Streaming for RAG: How to Keep Retrieval-Augmented Generation Fresh in Real Time
Traditional RAG systems retrieve context from batch-refreshed vector stores — embeddings computed hours ago from documents that may have changed since. This creates a fundamental accuracy problem: the LLM generates responses based on stale context, producing confident but incorrect answers. Streaming RAG solves this by continuously updating the retrieval layer as source data changes. A streaming database like RisingWave combines CDC ingestion, SQL transformations, and native vector search in a single system — keeping both structured context and vector embeddings fresh in real time.
This guide explains why batch RAG fails, how streaming RAG works, and how to implement it with architecture patterns from AWS, Confluent, and RisingWave.
The Staleness Problem in RAG
How Traditional RAG Works
Documents → Batch Embed (hourly/daily) → Vector Store → Retrieve → LLM → Response
- Documents are chunked and embedded during a batch job
- Embeddings are stored in a vector database (Pinecone, Weaviate, Chroma)
- When a user queries, the system retrieves the most similar embeddings
- Retrieved context is passed to the LLM for response generation
The problem: Between batch runs, the source data changes but the embeddings don't. The vector store serves stale context.

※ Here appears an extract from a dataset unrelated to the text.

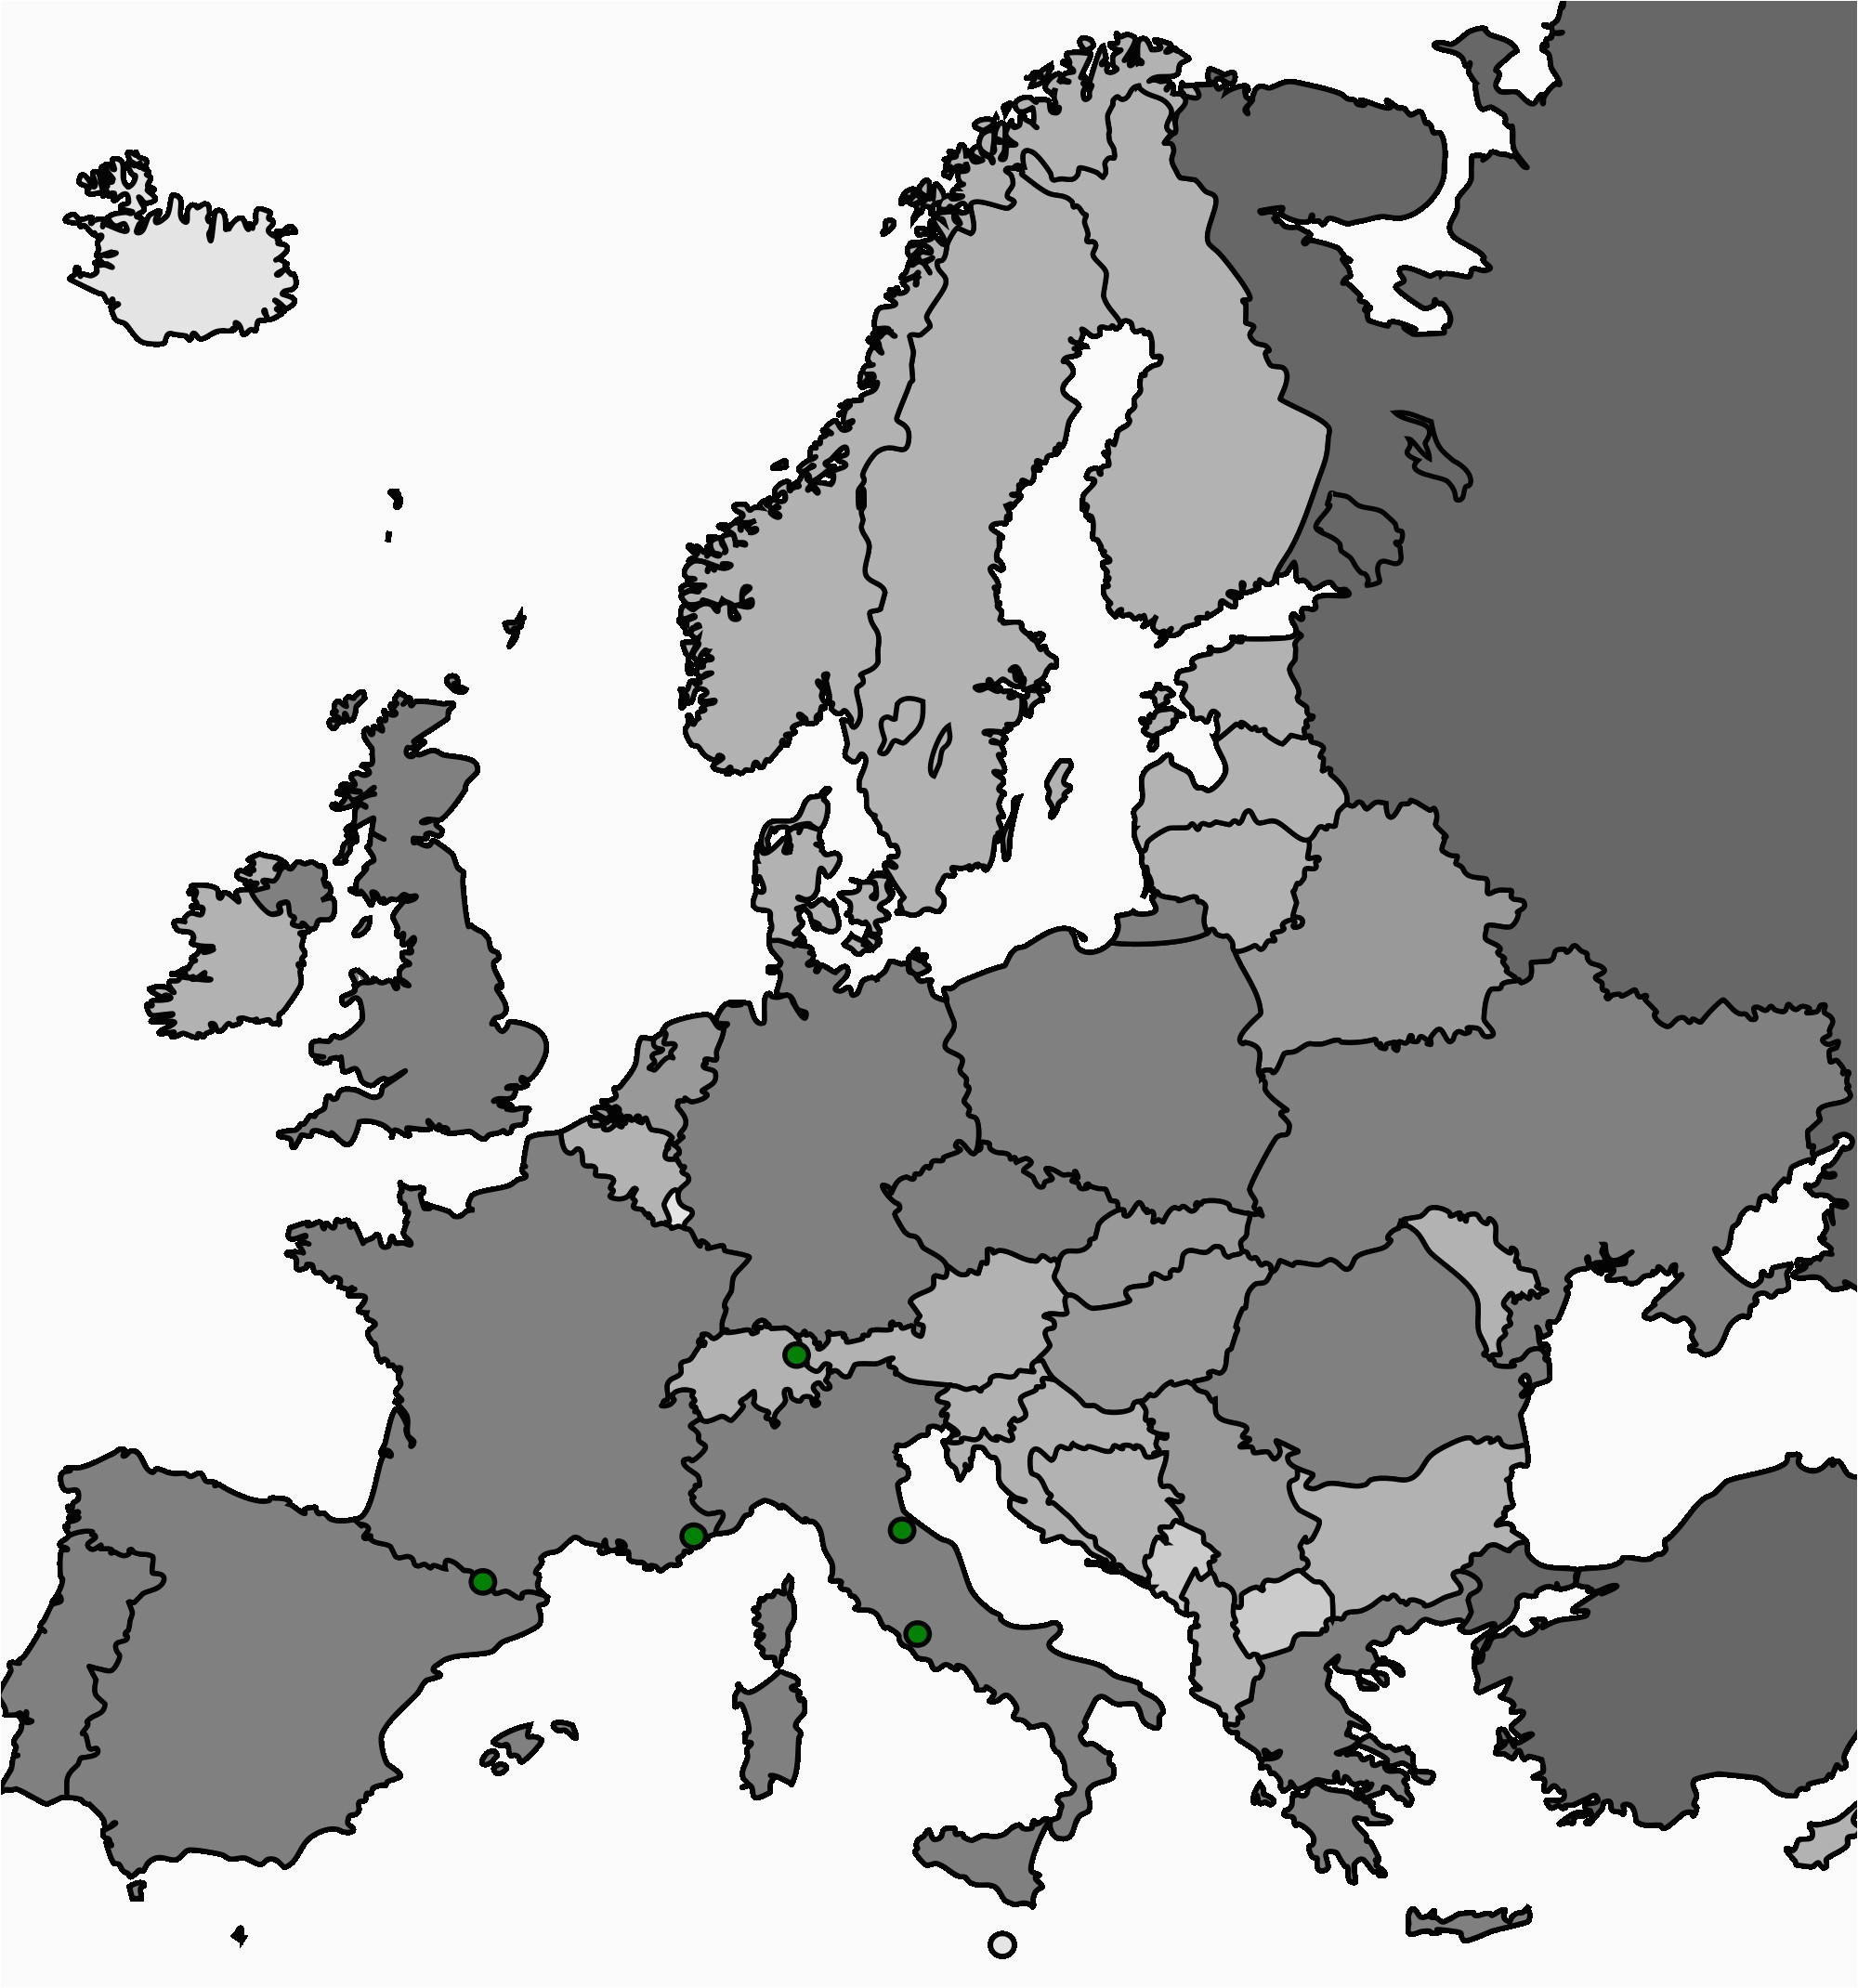 Europe Map No Labels 53 Strict Map Europe No Names Of Europe Map No Labels

Real-World Failures from Stale RAG
| Failure | Root Cause | Impact |
| Air Canada chatbot hallucinated a non-existent bereavement discount | Policy document changed but embeddings weren't updated | Legal consequences, public embarrassment |
| Medical RAG recommended outdated treatment | Study was retracted but vectors lingered in the index | Incorrect medical advice |
| Support agent referenced old pricing | Price changed 2 hours ago, next batch embedding runs in 4 hours | Customer confusion, lost trust |
| Inventory assistant said item available | Sold out 30 minutes ago, batch runs nightly | Oversold products, fulfillment failures |
The core issue: LLMs don't know their context is stale. They synthesize authoritative answers from outdated information without any hedging or uncertainty.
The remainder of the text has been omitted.